Dad got up and walked out. For 30 days, I lived at Troy’s house. It was the most peaceful 30 days of my life.

“Well,” Dr. Reynolds closes my file with the legal pad in it, “it seems we’ve got a lot of work ahead of us.”
“Meaning,” I started getting upset, “I’m staying here longer than expected?”
“No. Not what I mean at all. We or some other psychiatrist or psychologist could help you through this on the outside if you make it through eval. But I think this is a good place to stop.”
He got up and set my file on his desk and took a swig of his coffee, “Are you adjusting well to your room and your room mate?”
“Yeah, I guess.” I said getting up. This is the thing about shrinks I hate. You spend an hour pouring your heart out to them and then after your time is up, they shut off the concern and you’re just another number again.
“Great!” he said, “I’ll set you up for morning group tomorrow….and let’s see…perhaps we’ll get you into O.T.”
“O.T.?” I asked. These therapy types got off on their freakin’ treatment slang. O.T., K.P., Eval, Chem. Dep, ADHD, ADD, ADA, blah de freakin’ blah! Retard Rhetoric is what I call it.
“Occupational Therapy.” He answers, “Sometimes it’s good to keep your mind going on other things besides the problems you’re dealing with.”
“How do I make a phone call?” I asked.
He paused for a moment, as if it was a question he didn’t want to answer.
“I’m afraid while you’re in eval, you won’t be allowed to make any phone calls. We can contact family members for you to let them know you’re okay….”
“How do you know I’m okay? 24 hours ago I was drinking a snooze cocktail…if I’m ‘okay’, shouldn’t I be sent home?”
“Mr. Newkirk,” so it’s back to formalities now, “by ‘okay’ I mean that you’re alive. Our session went very well today and you seem to be coping well with being in a locked unit. This is what is meant by ‘okay’. Do you have any other questions?”
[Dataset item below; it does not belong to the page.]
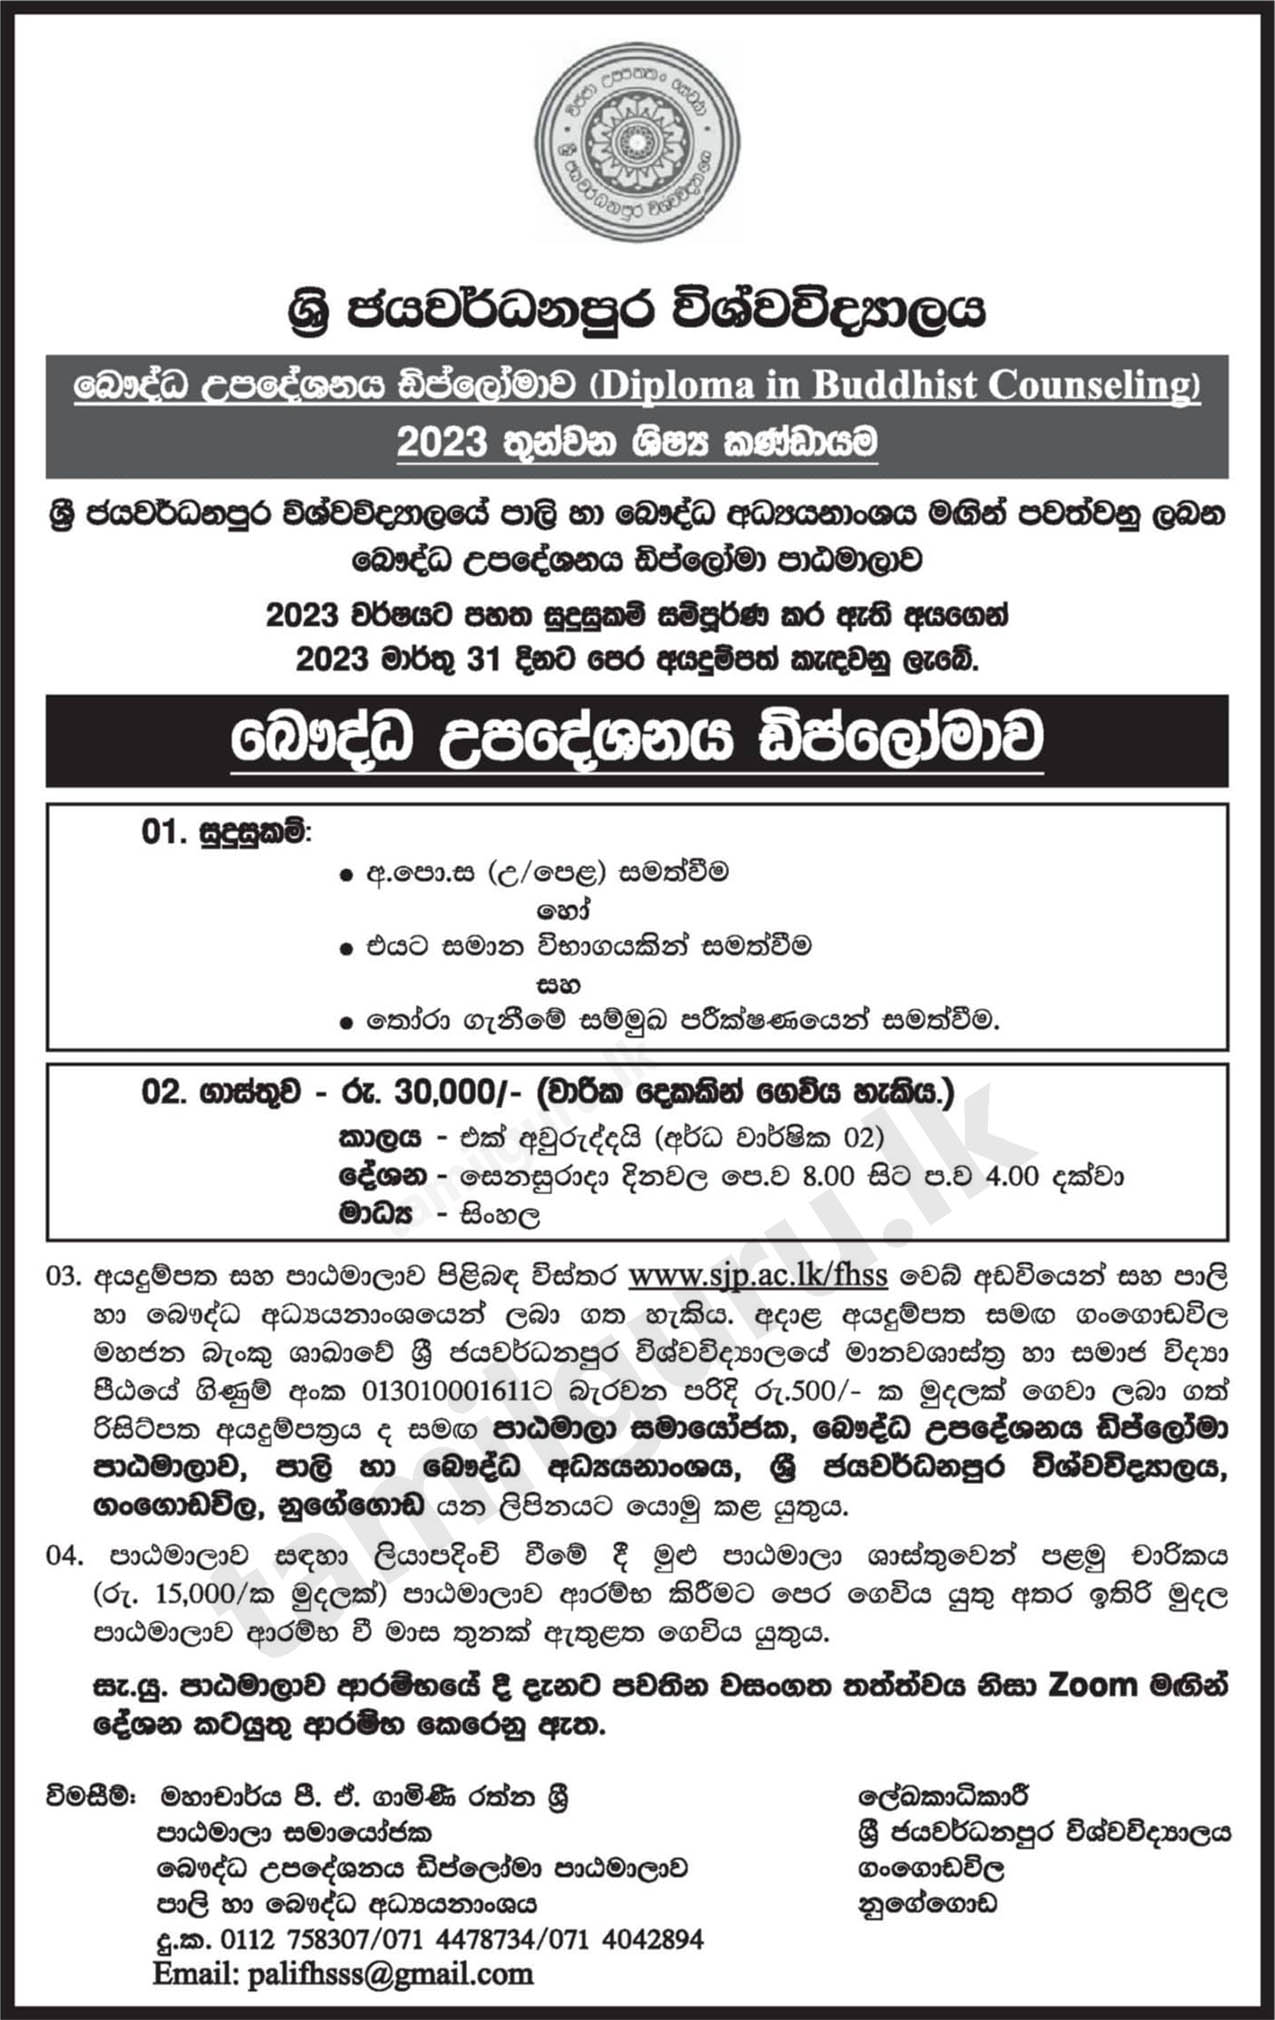 Diploma in Buddhist Counseling 2023 University of Sri Jayewardenepura

He looked up at the clock and then at me again.
“Yeah,” I spoke up. “can we smoke in here? I’m dyin’ for a cig.”

4.
We could. My roomie Glenn showed me to the smoking lounge. It was a skinny hallway that connected the psych unit with the chemical dependency unit. We shared the smoke room. A long table sat against the wall with 4 chairs and one large ash tray.